* **Task goal**
Copy out every line in the entries below that includes "with".

┌──

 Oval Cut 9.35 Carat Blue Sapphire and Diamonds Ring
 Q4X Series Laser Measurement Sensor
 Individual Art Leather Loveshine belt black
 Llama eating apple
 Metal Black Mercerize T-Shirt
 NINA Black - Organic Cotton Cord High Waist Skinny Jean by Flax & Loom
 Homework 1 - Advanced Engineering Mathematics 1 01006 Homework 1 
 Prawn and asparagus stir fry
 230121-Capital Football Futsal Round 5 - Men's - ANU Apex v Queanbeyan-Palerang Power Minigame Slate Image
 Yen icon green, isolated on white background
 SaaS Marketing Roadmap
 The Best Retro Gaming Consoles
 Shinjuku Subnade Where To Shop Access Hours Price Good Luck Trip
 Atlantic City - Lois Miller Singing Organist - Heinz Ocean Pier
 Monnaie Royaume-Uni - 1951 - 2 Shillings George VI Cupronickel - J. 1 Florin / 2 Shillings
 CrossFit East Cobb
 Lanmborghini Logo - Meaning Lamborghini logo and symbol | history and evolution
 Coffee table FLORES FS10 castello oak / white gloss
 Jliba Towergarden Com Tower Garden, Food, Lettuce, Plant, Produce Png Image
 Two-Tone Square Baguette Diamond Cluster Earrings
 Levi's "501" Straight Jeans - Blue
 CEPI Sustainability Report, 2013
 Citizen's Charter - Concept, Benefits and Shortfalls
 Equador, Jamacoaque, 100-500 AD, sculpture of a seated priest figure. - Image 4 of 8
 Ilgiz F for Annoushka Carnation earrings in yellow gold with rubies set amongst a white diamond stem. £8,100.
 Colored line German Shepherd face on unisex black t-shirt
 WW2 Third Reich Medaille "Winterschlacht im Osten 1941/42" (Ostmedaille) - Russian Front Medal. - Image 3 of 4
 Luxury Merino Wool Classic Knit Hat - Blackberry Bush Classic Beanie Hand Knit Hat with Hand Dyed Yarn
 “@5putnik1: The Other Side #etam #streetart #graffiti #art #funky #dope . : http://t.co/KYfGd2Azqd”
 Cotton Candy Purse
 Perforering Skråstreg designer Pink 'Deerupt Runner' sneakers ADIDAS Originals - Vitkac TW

└──

* **Answer space**
 Ilgiz F for Annoushka Carnation earrings in yellow gold with rubies set amongst a white diamond stem. £8,100.
 Luxury Merino Wool Classic Knit Hat - Blackberry Bush Classic Beanie Hand Knit Hat with Hand Dyed Yarn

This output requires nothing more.